B. Use of standardized reporting systems, cancer protocols, checklists and reporting templates that are endorsed by professional organizations.

C. Participation in laboratory testing and accreditation programs.

D. Utilization of intra and extra-departmental consultation or prospective/retrospective quality assurance review on high-risk cases.

E. Ensure adequate staffing and streamline workflow in the laboratory to improve laboratory turnaround time for diagnoses.

F. Ensure an environment conducive to the accurate interpretation of patient specimens.

G. Implementation of the team approach to patient management.

H. Participation of laboratory personnel and pathologists in continuing medical education courses as they relate to the practice of pathology.

The Post-Analytical Phase is outcomes driven.
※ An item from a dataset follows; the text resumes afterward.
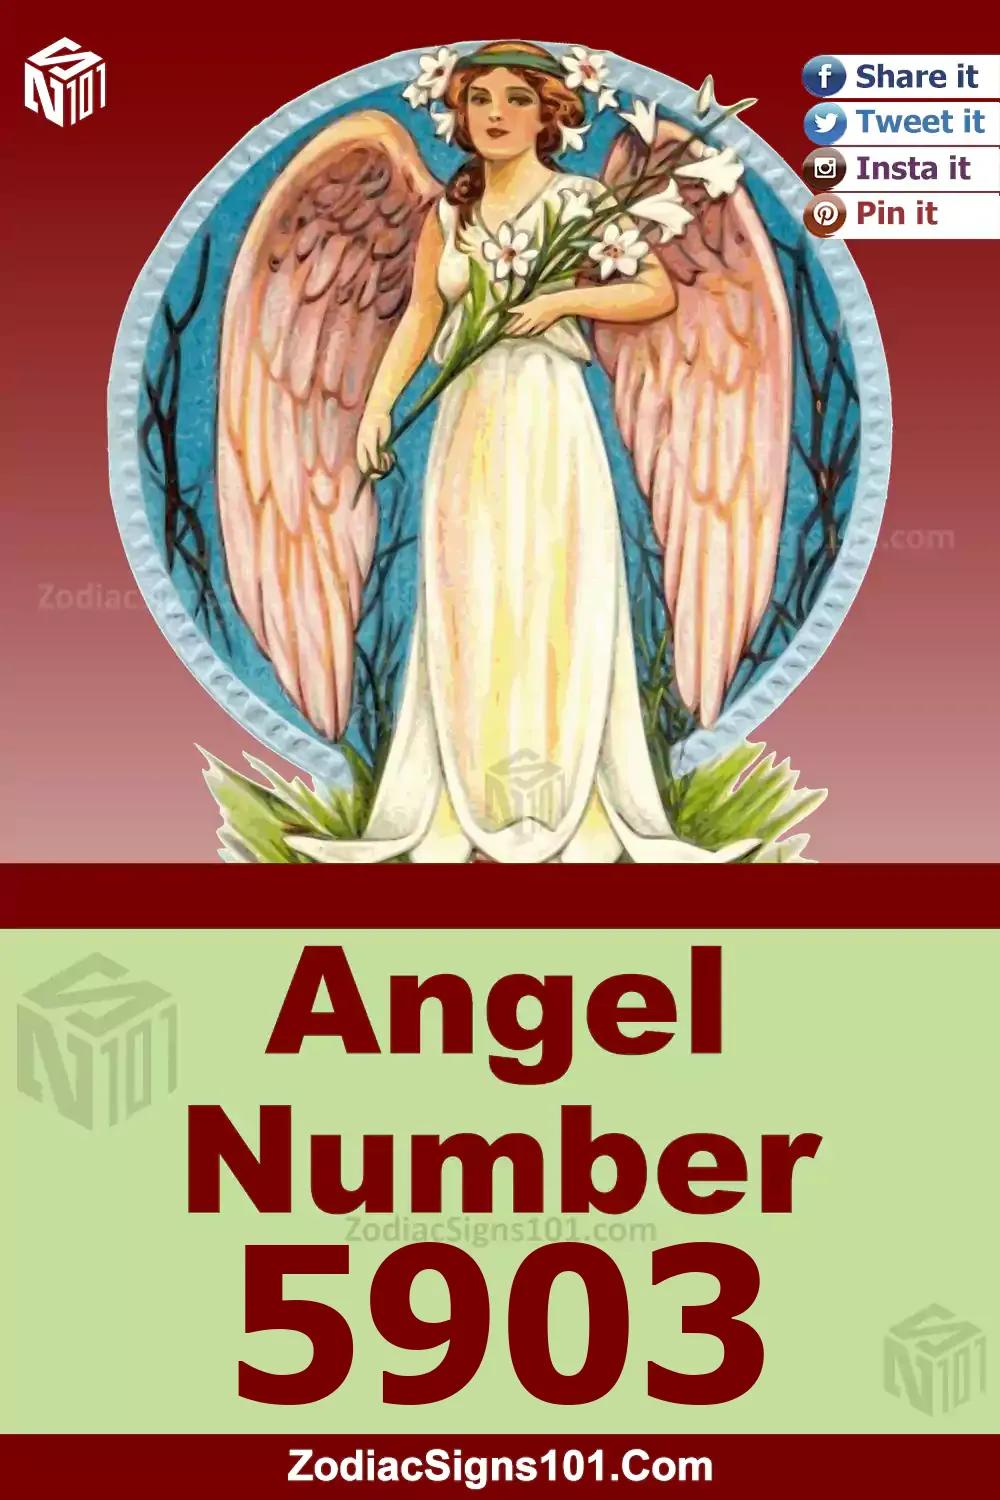 5903-Angel-Number-Meaning.jpg
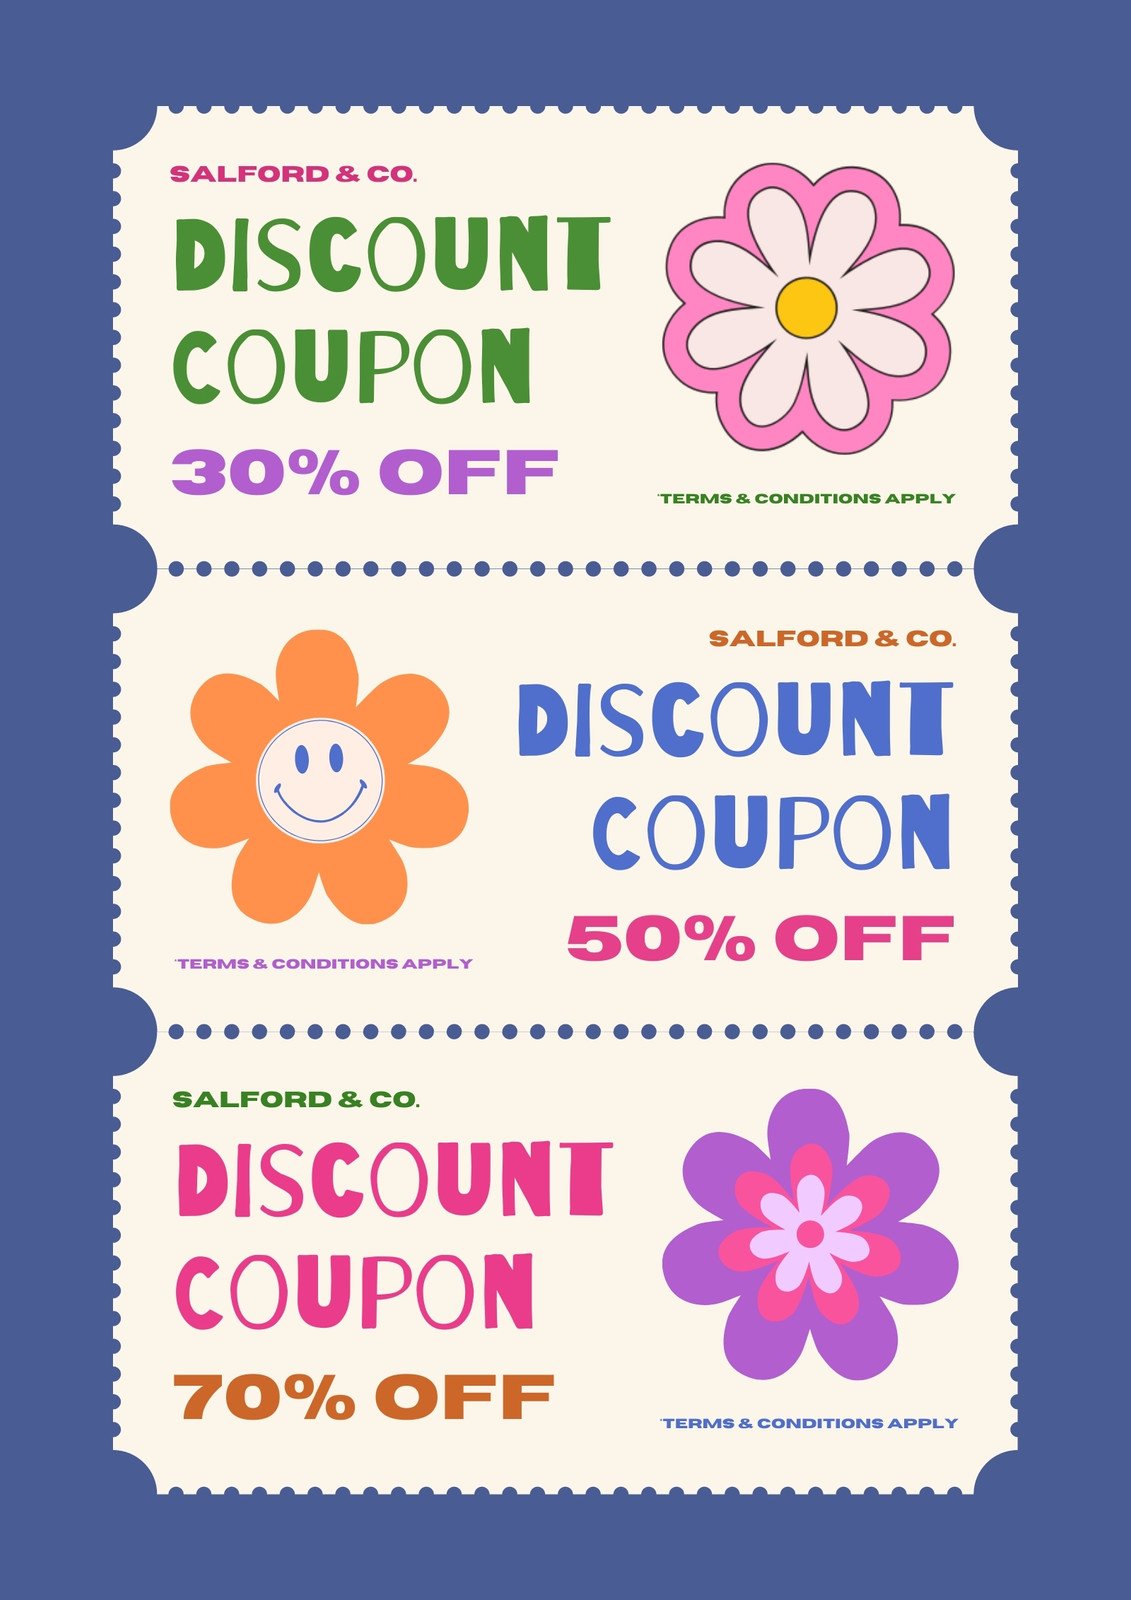 Free, printable, customizable coupon templates

Resolution of issues within the Pre-Analytical and Analytical Phases will result in error reduction and improvements in patient safety. Communication between the cytopathology laboratory and health care providers is a must for this to occur. Methods to reduce error and improve patient safety include:

A. Feedback to providers regarding specimen adequacy and rejection statistics.

B. Collection of data showing adverse patient outcome or “near misses” for review at morbidity and mortality conferences.

C. Monitoring data for trends in error with subsequent implementation of new quality assurance indicators.

Although this list is by no means exhaustive, the members of each setting in which pathology is practiced must develop and implement team approach strategies to improve patient safety and reduce medical error.


1. Kohn LT, Corriga JM, Donaldson MS, eds. To Err is Human: Building a Safer Health System. Washington, DC: National Academy Press; 1999.

2. Sirota RL. The Institutes of Medicine’s Report on Medicine: Implications for Pathology. Arch Pathol Lab Med 2000; 124:1674-1678.


Submitted by the ASC Laboratory Advisory Committee; approved by the ASC Executive Board 4/2002.